* What is needed:
Print the data once more, exactly as given. Drop the pictures.

* Raw data:
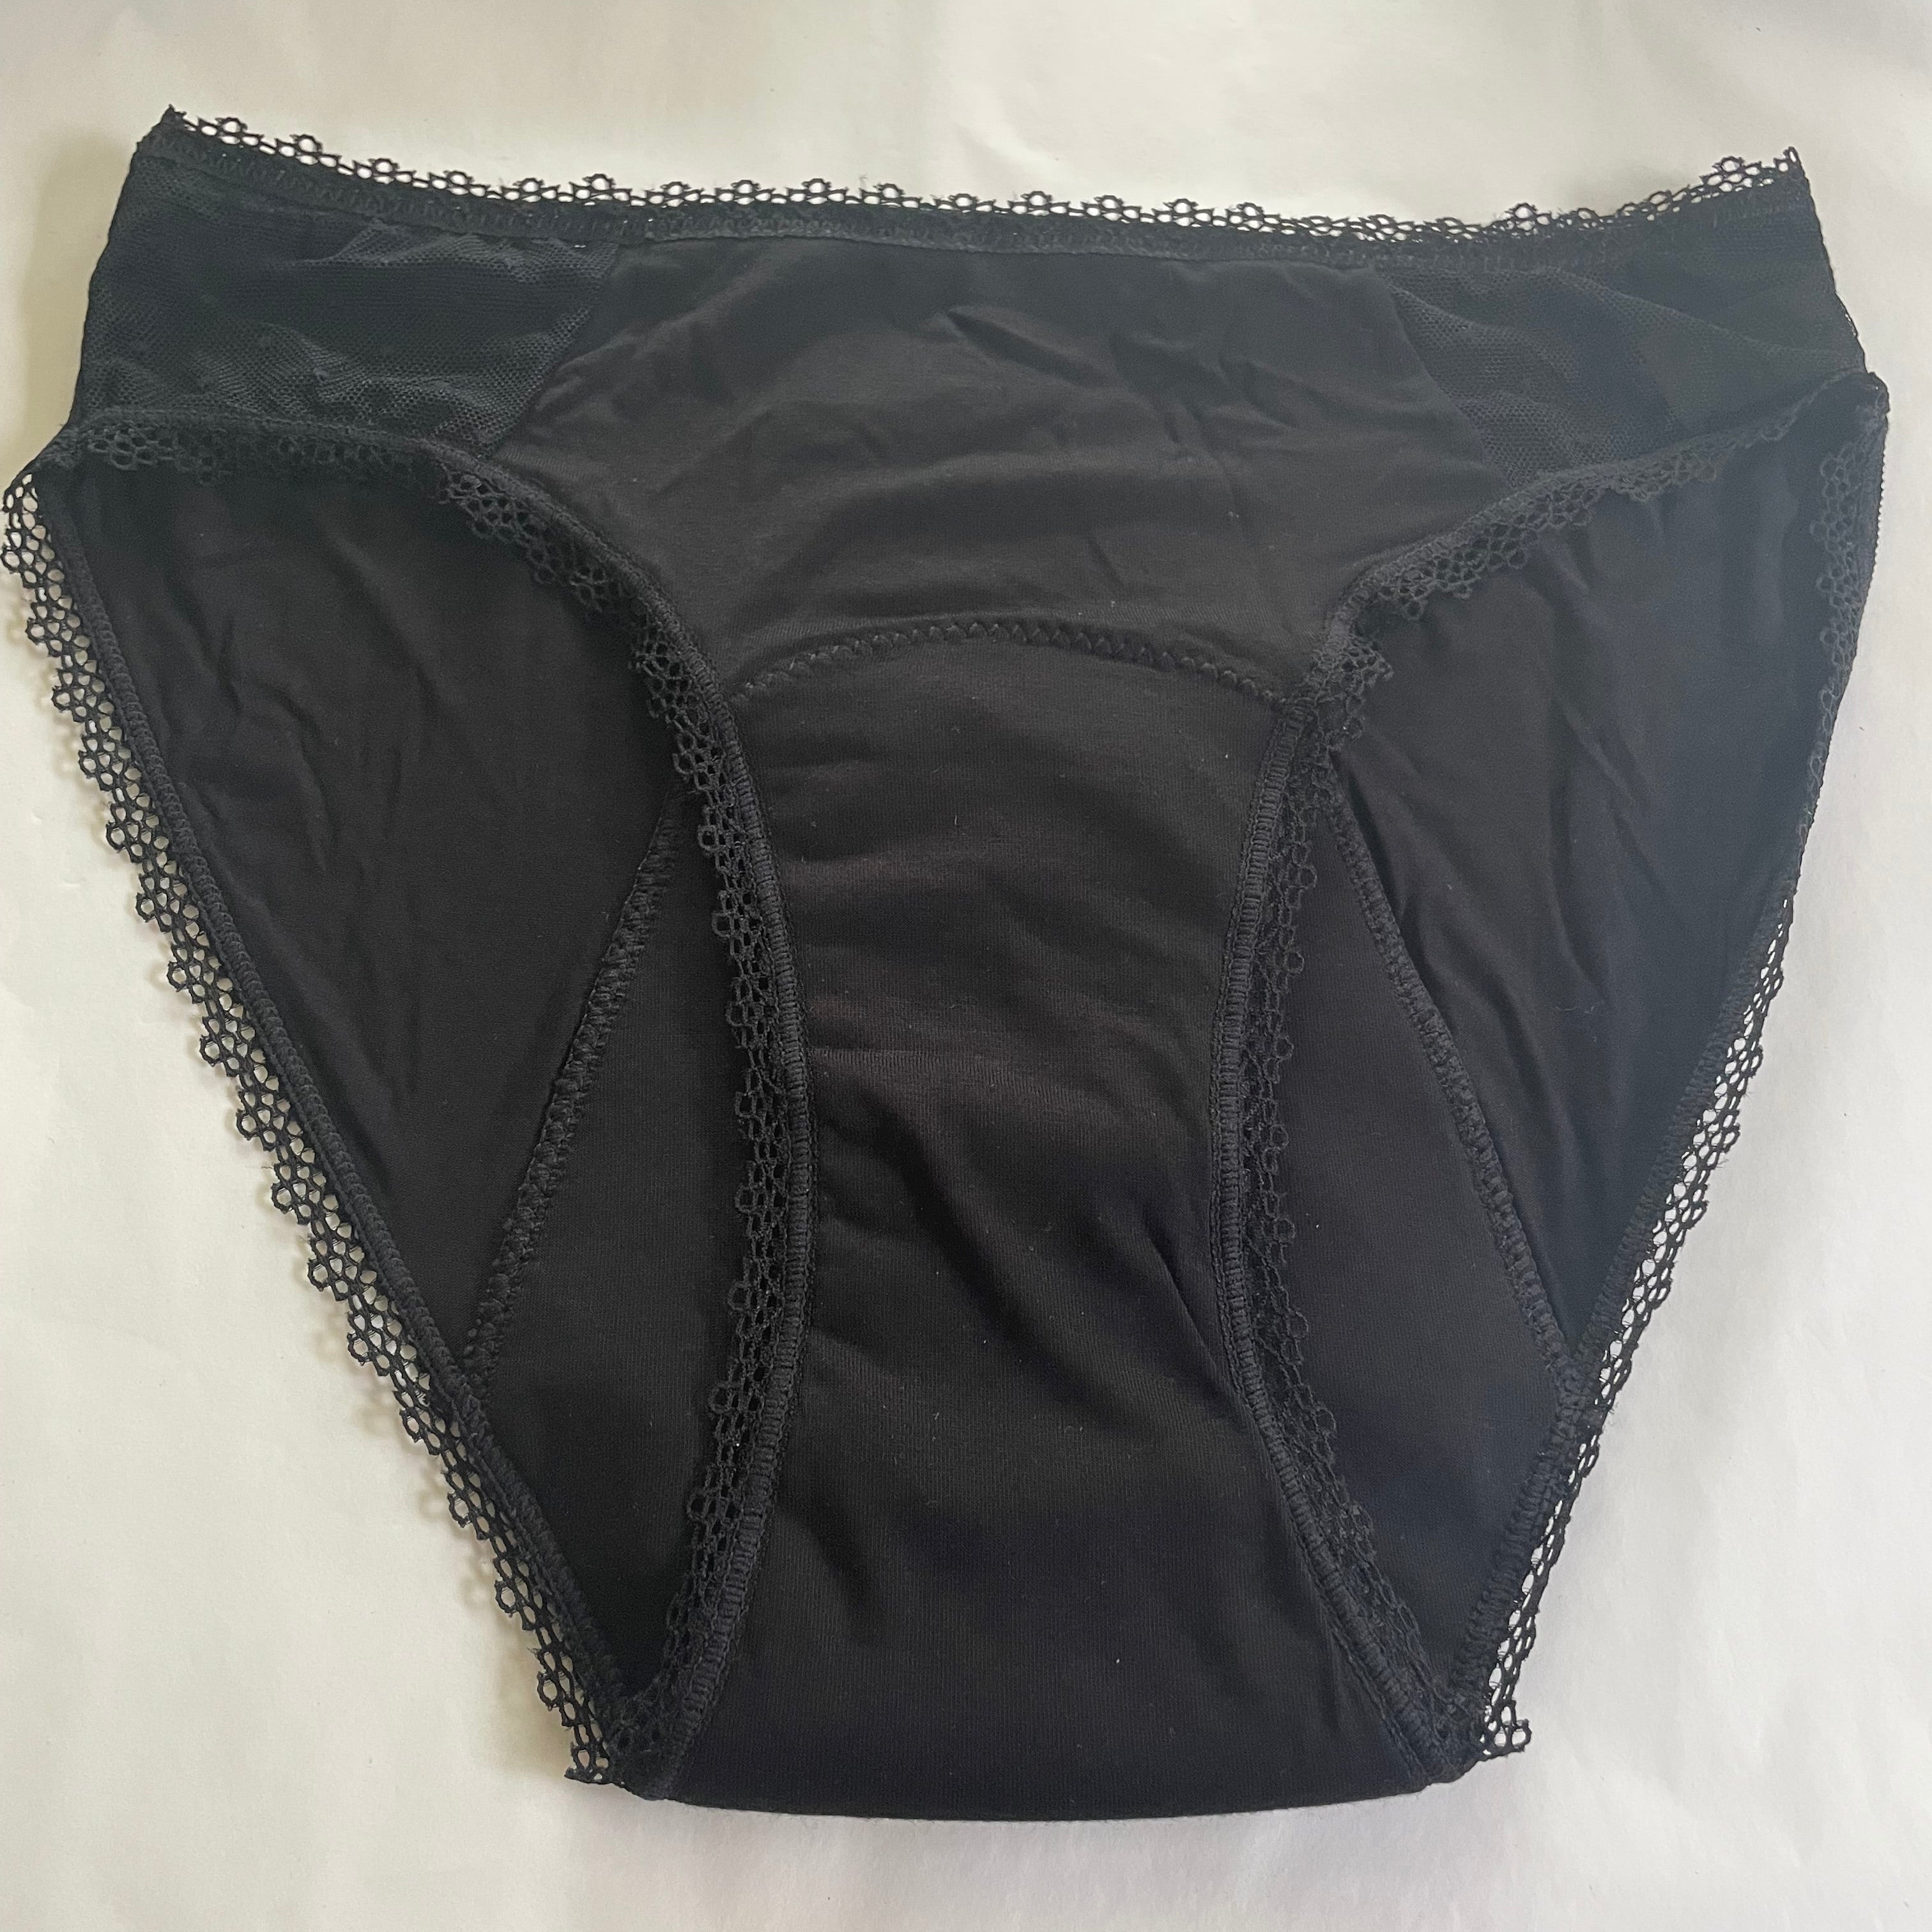 Leak Proof Period Underwear
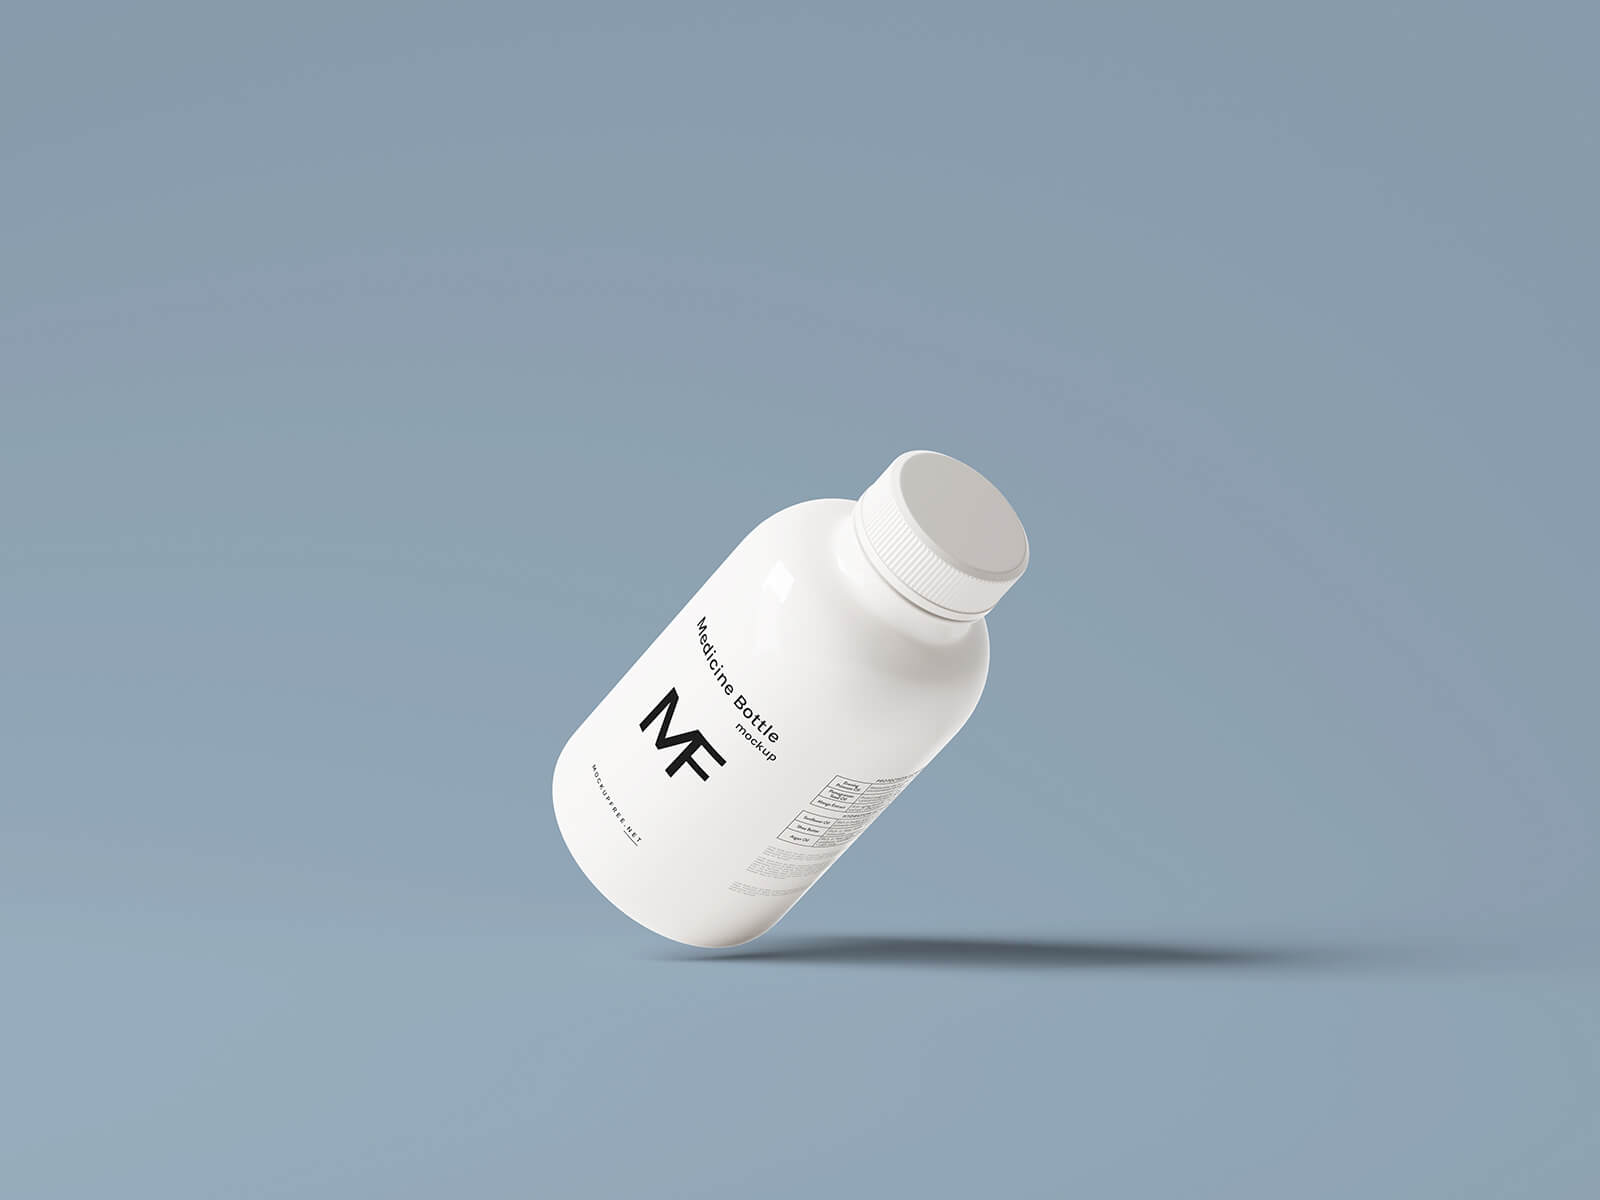 Free Plastic Supplements Pills Medicine Bottle Mockup PSD
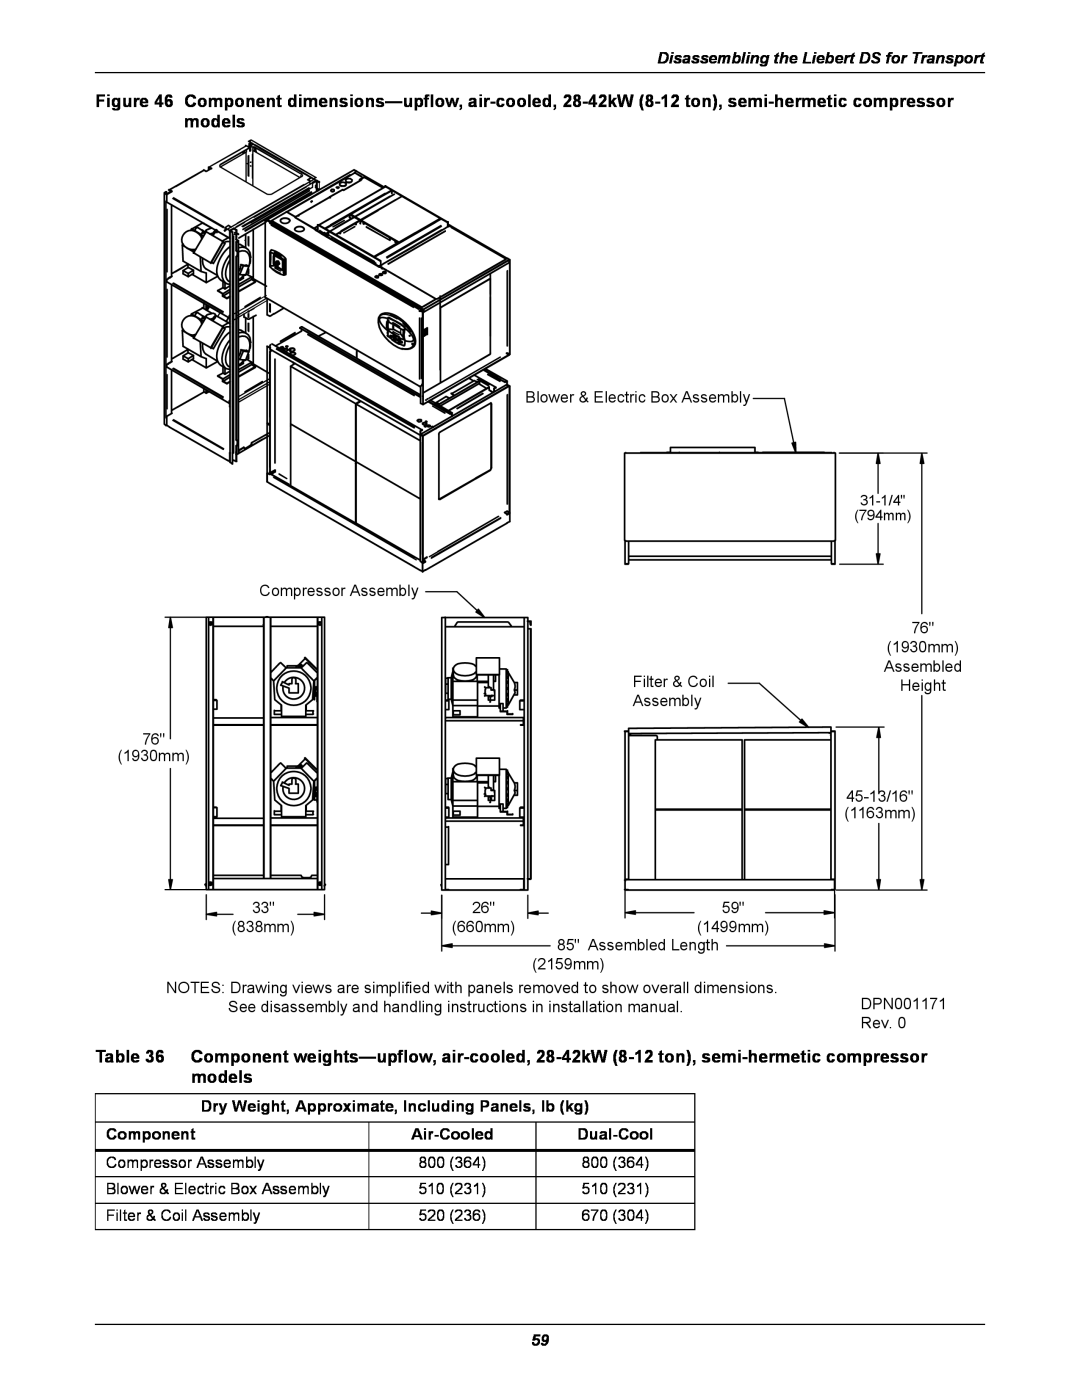 Liebert DS user manual Component dimensions-upflow, air-cooled, 28-42kW 8-12 ton, semi-hermetic compressor models

* Answer box:
 Leak Proof Period Underwear
 Free Plastic Supplements Pills Medicine Bottle Mockup PSD
 Liebert DS user manual Component dimensions-upflow, air-cooled, 28-42kW 8-12 ton, semi-hermetic compressor models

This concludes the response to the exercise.